*TASK DETAILS:*
Your output must consist solely of the lines from the one containing "Eytys Doja S-O Sneakers - Aqua" through the end of the records, reproduced exactly.

*DATA SUPPLIED:*

........

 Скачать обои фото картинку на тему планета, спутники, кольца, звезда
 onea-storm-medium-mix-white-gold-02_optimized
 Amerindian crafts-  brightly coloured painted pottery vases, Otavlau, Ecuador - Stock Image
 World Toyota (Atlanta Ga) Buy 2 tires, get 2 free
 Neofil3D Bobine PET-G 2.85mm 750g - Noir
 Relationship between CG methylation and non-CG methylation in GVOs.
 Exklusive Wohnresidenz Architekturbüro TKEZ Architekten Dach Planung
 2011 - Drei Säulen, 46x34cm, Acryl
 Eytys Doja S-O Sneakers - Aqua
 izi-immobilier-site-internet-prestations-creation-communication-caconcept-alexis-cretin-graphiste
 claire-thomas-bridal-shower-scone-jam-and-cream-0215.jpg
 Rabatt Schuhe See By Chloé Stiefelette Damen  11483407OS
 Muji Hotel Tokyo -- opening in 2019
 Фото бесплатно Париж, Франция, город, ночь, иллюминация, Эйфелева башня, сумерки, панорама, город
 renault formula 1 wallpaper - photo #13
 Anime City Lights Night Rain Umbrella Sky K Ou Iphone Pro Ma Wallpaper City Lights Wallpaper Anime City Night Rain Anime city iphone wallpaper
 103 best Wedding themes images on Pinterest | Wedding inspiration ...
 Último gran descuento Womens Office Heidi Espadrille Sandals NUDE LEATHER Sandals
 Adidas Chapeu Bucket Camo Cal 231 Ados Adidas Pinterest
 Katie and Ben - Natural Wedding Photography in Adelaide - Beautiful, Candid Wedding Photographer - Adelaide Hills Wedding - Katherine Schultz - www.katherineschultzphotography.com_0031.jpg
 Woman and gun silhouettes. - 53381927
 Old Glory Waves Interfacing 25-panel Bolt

........

*EXERCISE ANSWER:*
 Eytys Doja S-O Sneakers - Aqua
 izi-immobilier-site-internet-prestations-creation-communication-caconcept-alexis-cretin-graphiste
 claire-thomas-bridal-shower-scone-jam-and-cream-0215.jpg
 Rabatt Schuhe See By Chloé Stiefelette Damen  11483407OS
 Muji Hotel Tokyo -- opening in 2019
 Фото бесплатно Париж, Франция, город, ночь, иллюминация, Эйфелева башня, сумерки, панорама, город
 renault formula 1 wallpaper - photo #13
 Anime City Lights Night Rain Umbrella Sky K Ou Iphone Pro Ma Wallpaper City Lights Wallpaper Anime City Night Rain Anime city iphone wallpaper
 103 best Wedding themes images on Pinterest | Wedding inspiration ...
 Último gran descuento Womens Office Heidi Espadrille Sandals NUDE LEATHER Sandals
 Adidas Chapeu Bucket Camo Cal 231 Ados Adidas Pinterest
 Katie and Ben - Natural Wedding Photography in Adelaide - Beautiful, Candid Wedding Photographer - Adelaide Hills Wedding - Katherine Schultz - www.katherineschultzphotography.com_0031.jpg
 Woman and gun silhouettes. - 53381927
 Old Glory Waves Interfacing 25-panel Bolt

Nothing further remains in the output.